Destination Sherbrooke se protège contre les fuites médiatiques

SHERBROOKE - Destination Sherbrooke craint les fuites médiatiques. Elle demande aux invités qui lui présentent des projets de signer une entente de confidentialité. L'organisme se défend en mentionnant qu'elle souhaite seulement s'assurer de la confidentialité des rencontres à huis clos.

« Afin d'éviter les fuites médiatiques, les invités qui viendront faire des présentations au conseil d'administration seront tenus de signer une déclaration de confidentialité à l'égard du projet et des propos tenus lors de leur présentation », lit-on dans le procès-verbal du 27 juin de Destination Sherbrooke.
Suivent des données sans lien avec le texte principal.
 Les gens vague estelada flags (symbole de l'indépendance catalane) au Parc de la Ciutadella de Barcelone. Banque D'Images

Interdira-t-on à un promoteur de parler de son propre projet? Pas du tout, rectifie Amélie Boissonneau, coordonnatrice aux communications à Destination Sherbrooke. « La décision émane du conseil d'administration. Que le promoteur parle de son projet, ça ne nous dérange pas. Nous ne sommes pas propriétaires des projets. Ce qui doit rester confidentiel, ce sont les demandes qu'ils font à Destination Sherbrooke et la teneur des propos qui nous concernent. C'est aussi un rappel pour les membres de notre conseil d'administration à l'effet qu'ils doivent respecter le huis clos. »

Aucune mesure punitive n'est prévue pour ceux qui contreviendraient à leur déclaration. « Nous sommes davantage dans la sensibilisation. »
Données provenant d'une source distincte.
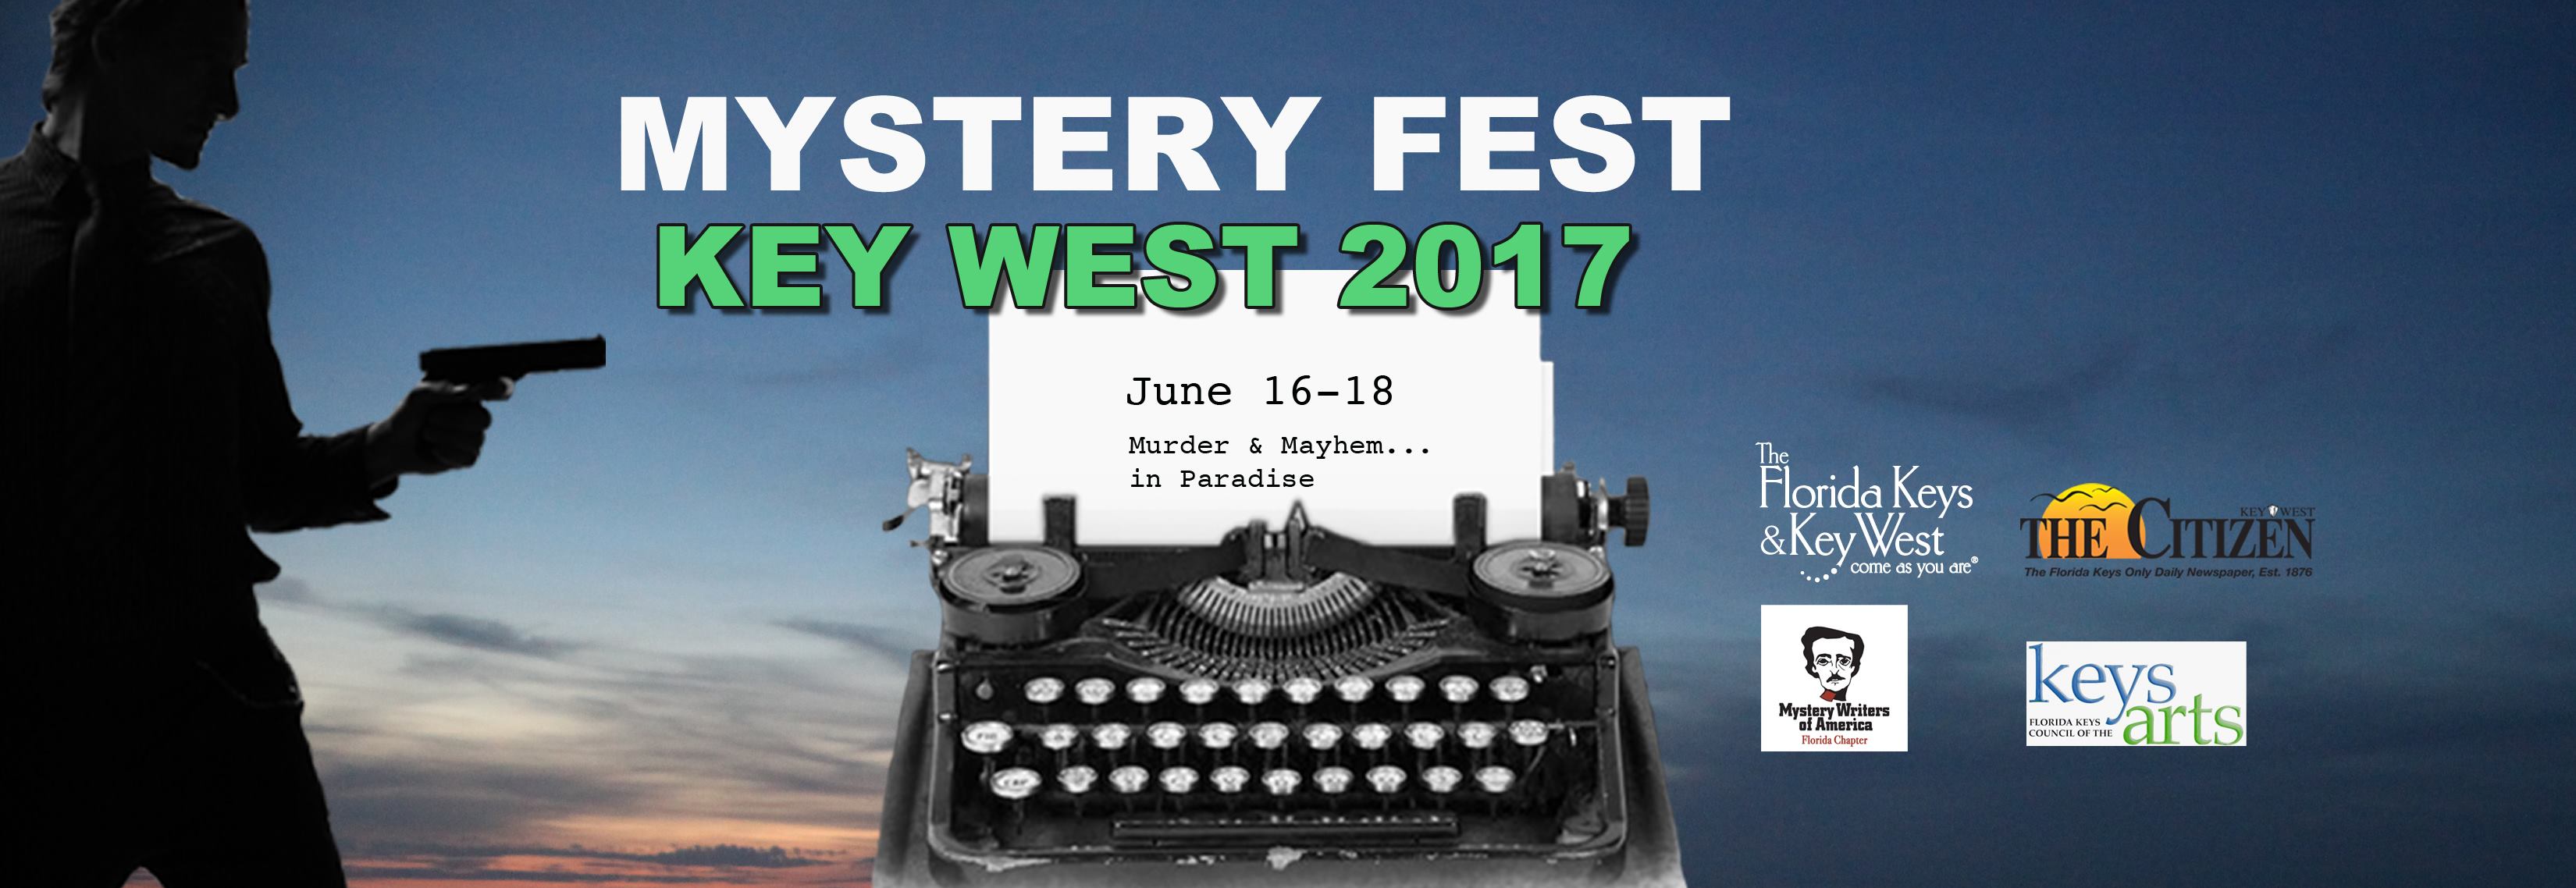 Key West Mystery Fest 2017

La signature d'une déclaration de confidentialité ne semble pas être monnaie courante dans les organisations paramunicipales. À Sherbrooke Innopole, on parle plutôt d'un code d'éthique et de gouvernance signé par les dirigeants, administrateurs, membres de comités, sous-traitants et employés. Les entrepreneurs ne déposent toutefois pas leur dossier eux-mêmes et les discussions passent souvent par ceux ayant signé le code d'éthique.

À Commerce Sherbrooke, on confirme également que les intervenants au conseil d'administration n'ont pas à signer de déclaration de confidentialité.